# Single and owning two dog?



## Zookling (Jun 14, 2010)

I would love insight from anyone who has experience being one person with two dogs. Is it just a bad idea to be outnumbered?

thanks, all.


----------



## spotted nikes (Feb 7, 2008)

I always had at least 2 dogs when I was single. It gave them both company while I was working. I am big on walking dogs twice a day together, though. It eliminates excess energy and helps them bond.

Managing 2 dogs is fairly easy. I would feed at the same time but at opposite sides of a room. I put the bowl of the slower eater at my feet, so I can guard against the other coming over to steal food after they finish their own.

I usually have opposite sex dogs (speutered), or when I have 3, I have only 1 female. I never seem to have any fights. I have 2 males and a female now.

I'd guess that your problems right now are the result of the "not dog friendly" parent's dog.


----------



## Laurelin (Nov 2, 2006)

It's different if it's not your dog. I'm single and I have my two at college with me and it works wonderfully most the time. I don't think I'd want three when it is just me though, because I'd run out of hands.


----------



## FlashTheRottwuggle (Dec 28, 2009)

I had 2 dogs and a preschool aged child to handle by myself several years ago and I worked full time. It's hard somedays but it's manageable if you want it bad enough. 

Besides, I couldn't rehome the kid.  LOL  (just kidding!)

I have 2 dogs now and work fulltime. My son (now 21 and even less obedient ) does live with me as does a friend of his who is 22. But I consider myself solely responsible for the dogs.


----------



## Zookling (Jun 14, 2010)

Thanks for the replies. I appreciate you insight on the topic. A few deep breaths and I should be ready for dog number 2!


----------



## Marsh Muppet (Nov 29, 2008)

The addition of a 2nd dog can be a difficult period of adjustment. Once everything settles into a routine, it's not so bad. When the 2nd dog is as well trained as the 1st, it's not really any more difficult than having the one dog. Except on bath day.


----------



## NewOrleansPuppy (Sep 8, 2009)

Well at some point I was looking into a second dog, but one big reason is for not doing it anytime soon, who can handle two bigger dogs if I am sick or something along those lines. I think to find someone who would like to take one dog out for a potty break is one thing, asking that person two bring two big dog out is different. 
I think the normal routine shouldn't be a problem once everything is settled.


----------



## Locke (Nov 3, 2008)

I find two dogs too much for me, personally. I find it hard to evenly distribute myself to both dogs, and without help from my parents on occasion, I would not have much of a social life. However, this is likely due to the fact that I cannot walk my dogs together, so I must walk them separately, which is very time consuming. I also do not have a yard, so I have to walk my dogs a lot, and take one of them for regular off leash time to meet their exercise needs. Having a yard makes a HUGE difference I think.


----------



## Zookling (Jun 14, 2010)

For me, the decision to get a dog in the first place was a HUGE deal. Now, it isn't the lifestyle , time, or the cost that are a consideration. Mostly...is it going to be better for my current dog (and good for the new one) and do I have enough hands? Knowing that others have done it and it has worked well helps.


----------



## foxthegoldfish (Apr 15, 2008)

Im not single but I just added a second dog.
I am the one who cares for the dogs, My SO is great but I do almost everything for them.

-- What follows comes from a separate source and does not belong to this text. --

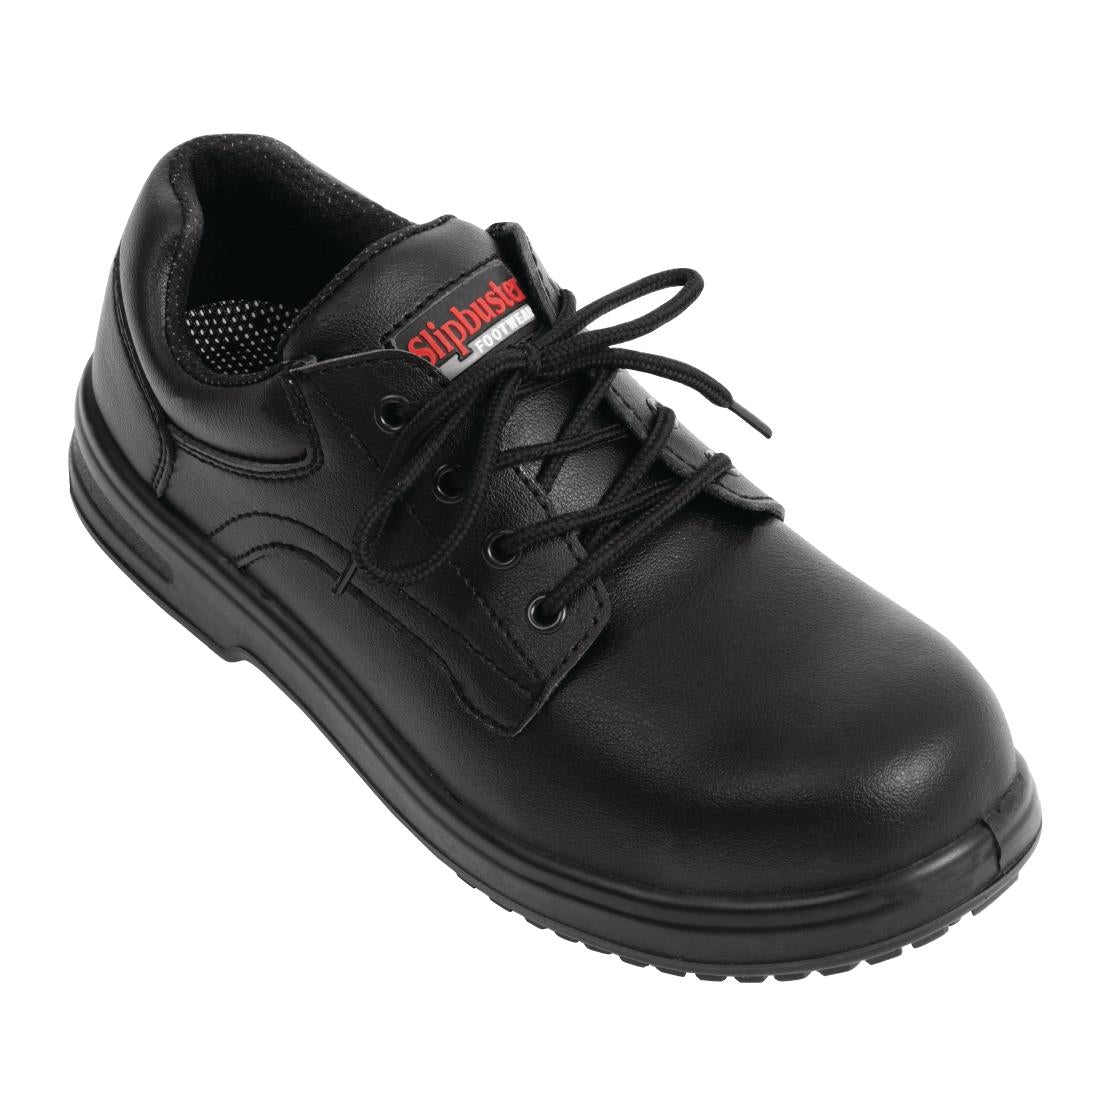 BB498-44 Slipbuster Basic Shoes Slip Resistant Black 44 JD Catering Equipment Solutions Ltd
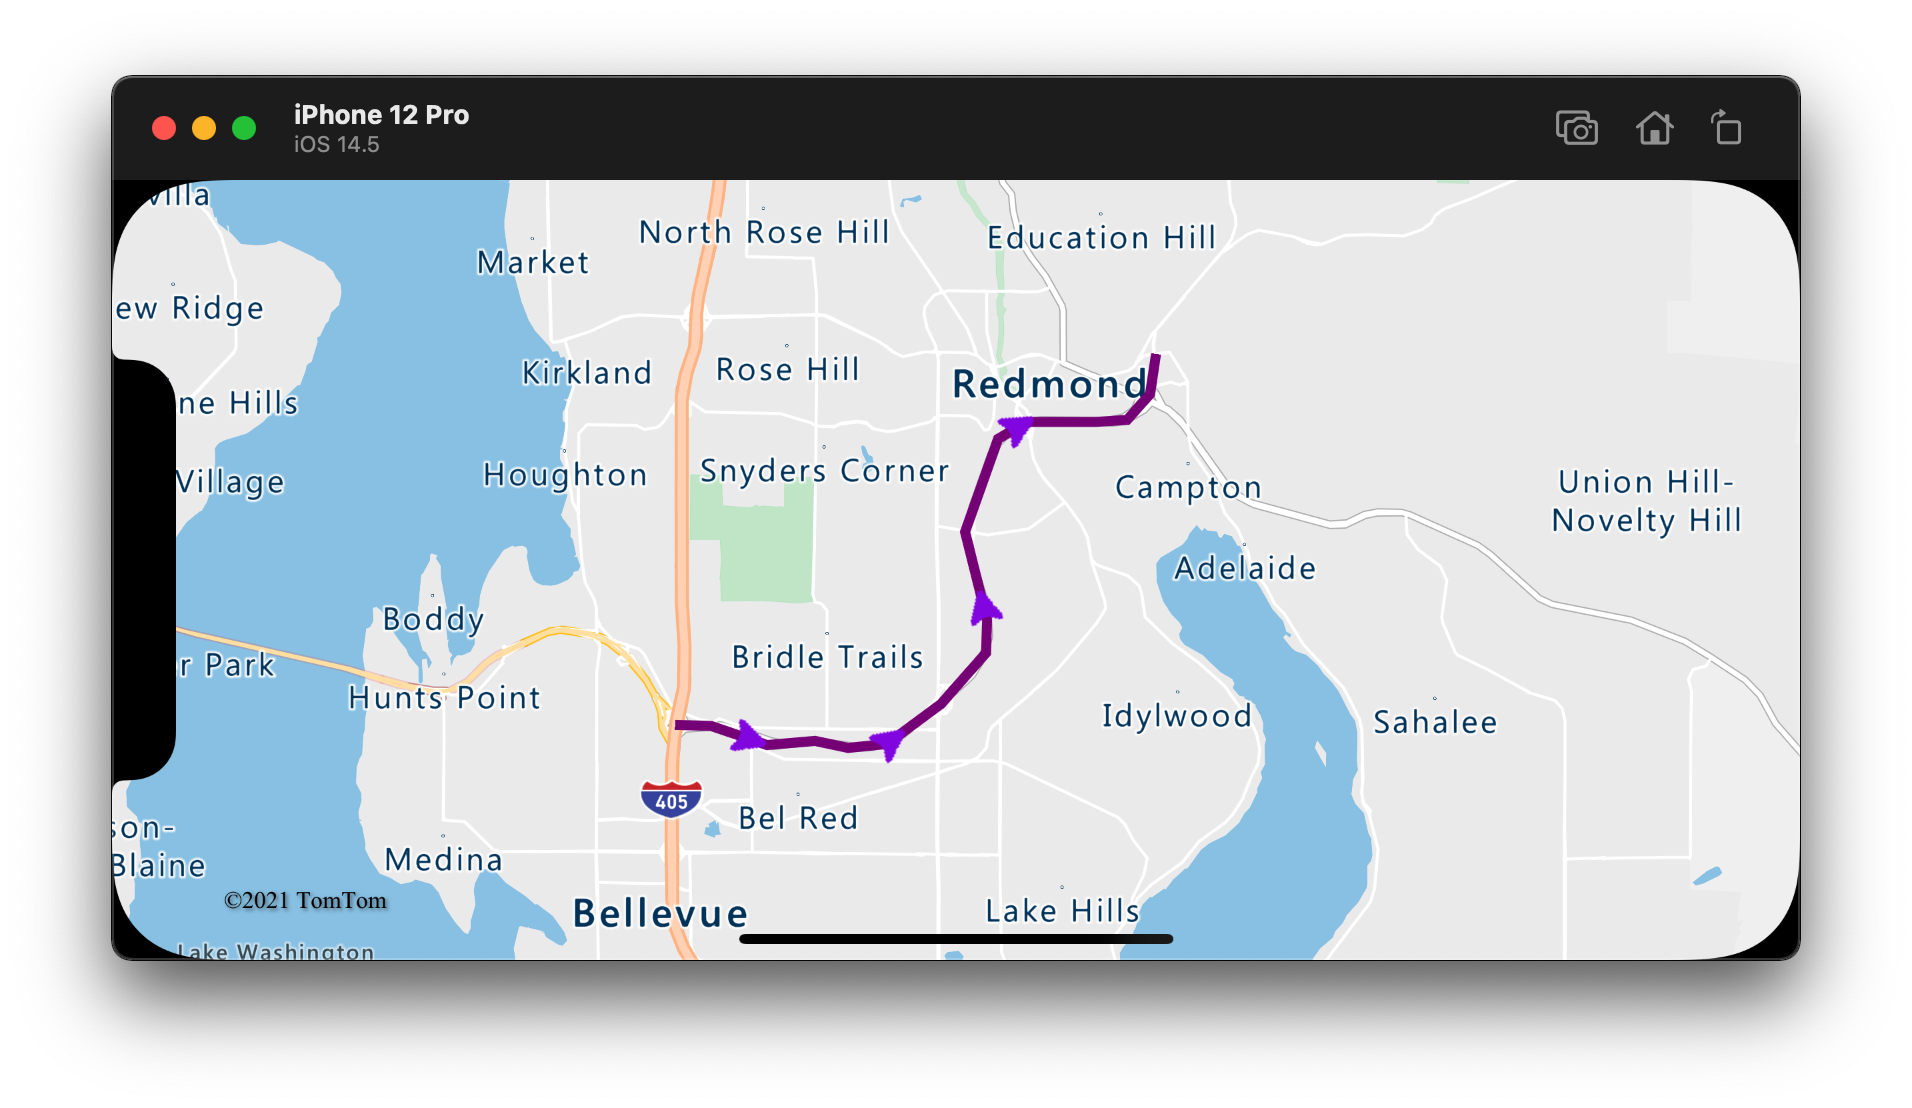 Čára s fialovými šipkami zobrazená podél ní ukazující ve směru trasy.

If you are planning to go the rescue route (highly recommended) you will probably get a dog who is not as well trained as your current dog, but that comes with time.
It would be important to find the dog who gets along with your current dog the best.

I assume you are not getting a puppy as you work full time and puppies need to be let out every few hours. They are just a lot more work over all.

How old is your current dog?
Are you prepared to walk them separately if needed?
Are you prepared to work with them if problems arrise?
Can you afford it financially?
Do you have the time to walk/play/train them separately?

If you can honestly say yes to those questions then I think you will be fine


----------



## Foyerhawk (May 7, 2009)

I've had five on my own and take care of my current dogs and fosters by myself although I am not single. I haven't got any problem with it


----------



## Namrah (Jul 15, 2008)

I'm single and have two wonderful dogs, one of them a puppy that I fostered then adopted (Milton).

I can tell you it's a ton of work; especially the training at this age while keeping Elka happy. But the amount of joy that they bring from playing and living together is well worth it. As Milton gets older the work dwindles as well. 

We're almost back to our old routine. It was horribly tiring at first, but the payoff has been well worth it.


----------



## GottaLuvMutts (Jun 1, 2009)

I'm single and have just one. I may add to my pack after I move a couple more times and become more stable, but for now, I'm happy with just the one. I want to own my own place before I add on. 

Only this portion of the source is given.